Great Pyrenees and Anatolian Shepherds (or mixes thereof) are the most readily available LGDs which makes them generally not cost as much to acquire. Because they are a more common breed, it is also easier to get a trained adult if one so desires. So more people have them than any other breed. It doesn't mean the other breeds aren't wonderful guardians, they're just harder to find.


----------



## GrannyCarol (Mar 23, 2005)

I don't know so much about them as working dogs, though I groomed one once that lived on a farm. I assume you know about the need for regular grooming to keep them from getting nasty hot spots.
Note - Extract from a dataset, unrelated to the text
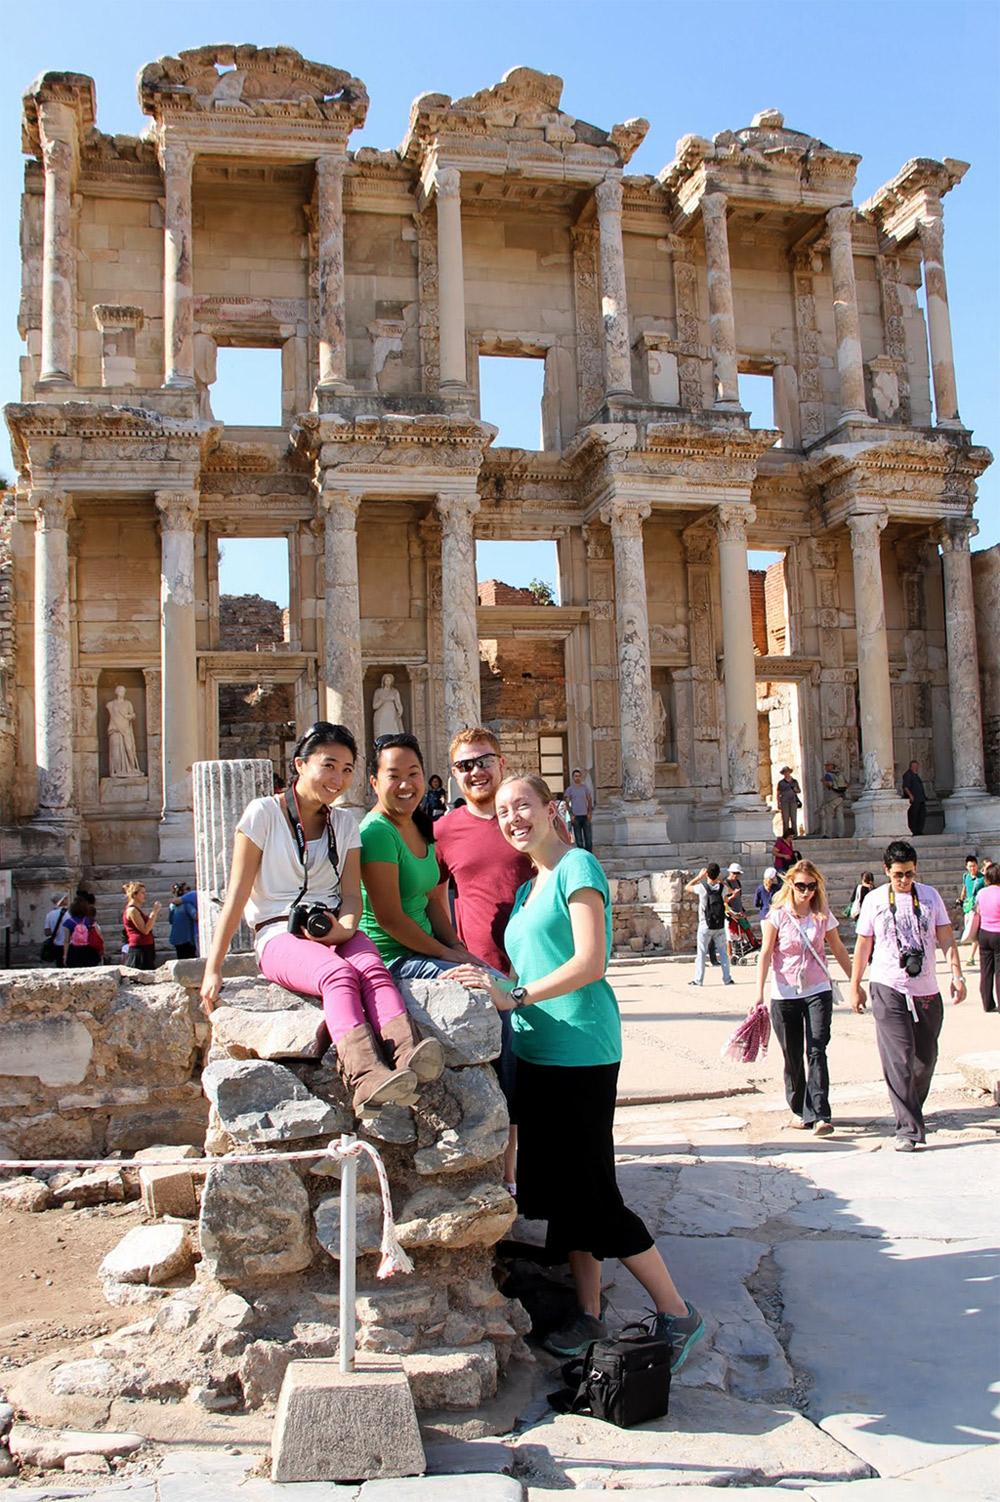 121105-libraryatephesus

The poor dog I groomed had a wonderful home before they had a divorce, then he was left with the husband. Yearly grooming wasn't enough, he kept coming in with hot spots and maggots. 

I sure loved his temperament though, they seem to be great dogs.


----------



## Brynfire (Aug 19, 2014)

Thnx for the replies - breeder availability hadn't occurred to me! As for grooming, yes I am VERY familiar, lol. Twice a day (morning and night) works best to deal with tangles and debris, takes about 15 min if you are keeping up with it. Getting the undercoat pulled in spring is necessary for the weather too, as clipping will ruin their coat on their legs (it won't regrow once it's clipped unfortunately). Thanks to both of you for the replies! =) I'll be looking for some breeders in Canada in the next few months, not just OES of course, but I would prefer one I think. Breed that you know and all that  Thanks again and happy homesteading!


----------



## GrannyCarol (Mar 23, 2005)

The dog that I clipped had NO trouble regrowing the hair on his legs!  Glad to hear you know about the grooming issue though, some just don't realize how much is involved. I've always enjoyed OES, wouldn't take one on because I don't want to groom my own dog that much, I'm all about easy care now!


----------



## Brynfire (Aug 19, 2014)

I didn't when I got him, lol, was a learning curve for sure. Wasn't aware of the hair growth issue until a breeder told me if I got him clipped not to do his legs as they can have regrowth problems, especially below the knees. I never tried, but he sent me some pics of the result, that was enough to convince me lol. Our winters can be harsh and I didn't want to deprive him of his coat down there. OES are like big kids, they love being near their people, so the 2x daily brushing was just his cup of tea. I have heard you can do it once a week, but I think that's for companion animals? Mine got muddy and twiggy and full of burrs if I left him, so I took the cowards way out and brushed him lots, lol. He demanded a spot on the bed too, so it was partially self defence!


----------



## JasoninMN (Feb 24, 2006)

I have only met a few oes but the ones I met were very people orientated. If left alone they would wander. I can't see one being a Lgd, but I sure it could make a good farm dog.


----------